This cheapening dynamic is the consequence of our retail culture being dominated by big players who dominate by gaining volume rather than establishing quality as their benchmarks for success. It's a dreadful mess.
Twenty years ago before the term 'Gastro pub' was even invented a few individuals with backgrounds in high end high profile restaurants set out in business for themselves by renting pubs and turning them into something really special and different. They opened simple, visionary, entrepreneurially driven businesses serving good value but generally excellently prepared, robustly presented, fresh produce on plates alongside beers - and for the first time great wine lists - to an appreciative audience of customers who'd had enough of stinky, sticky carpeted 'traditional' boozers doing deep fried sausages and chips in baskets and stupidly snobby ridiculously overpriced nouvelle cuisine.

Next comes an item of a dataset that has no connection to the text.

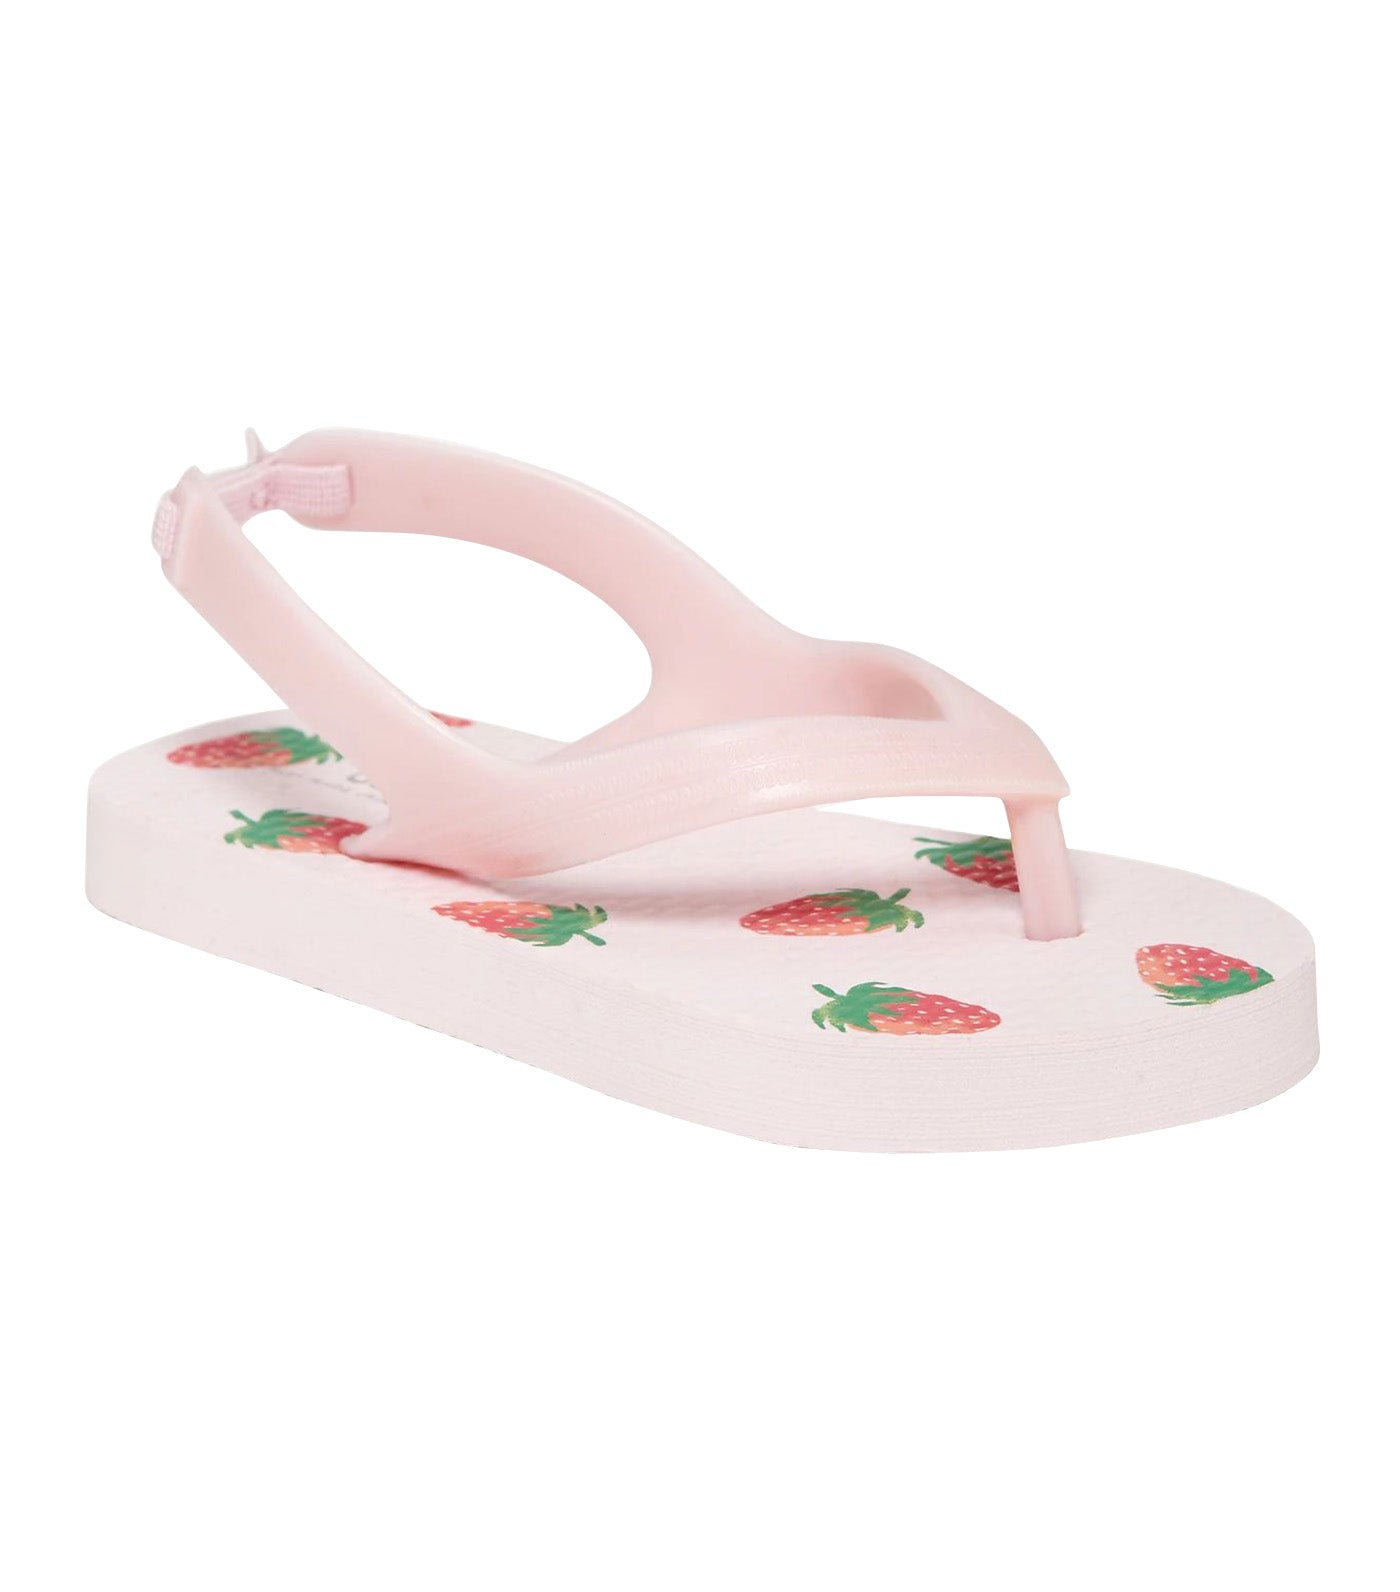 Printed Flip-Flops for Toddler Girls (Partially Plant-Based) - Strawberry

For a brief few years it seemed there was a revolution taking place in British catering. Britain became touted as the food capital of the world, with the most diverse, stimulating and exciting menus being served in the quirkiest, most interesting bars restaurant and eateries. Britain was clawing its way from the depths of international culinary banality it had sunk to since the turn of the 19th century and two world wars seemed to have knocked the stuffing out of our unique food heritage.
Then corporate behemoths came along, name no names err Whitbread, Allied Domecq, Bass, and they saw the future; took the principal ideas, copied the individualist lively small businesses, dumbed it down, and stamped it out in every high street across the green and pleasant land.
Jonathan Meades was an early detractor, describing it in his Sunday Times column as early as 1996 as the "Giga Brewers" bringing the rise of culinary quality in Britain to an abrupt halt by setting a lowest common denominator of boil in the bag posing as good food and creating the national catering equivalent of Boots the Chemists on every high street.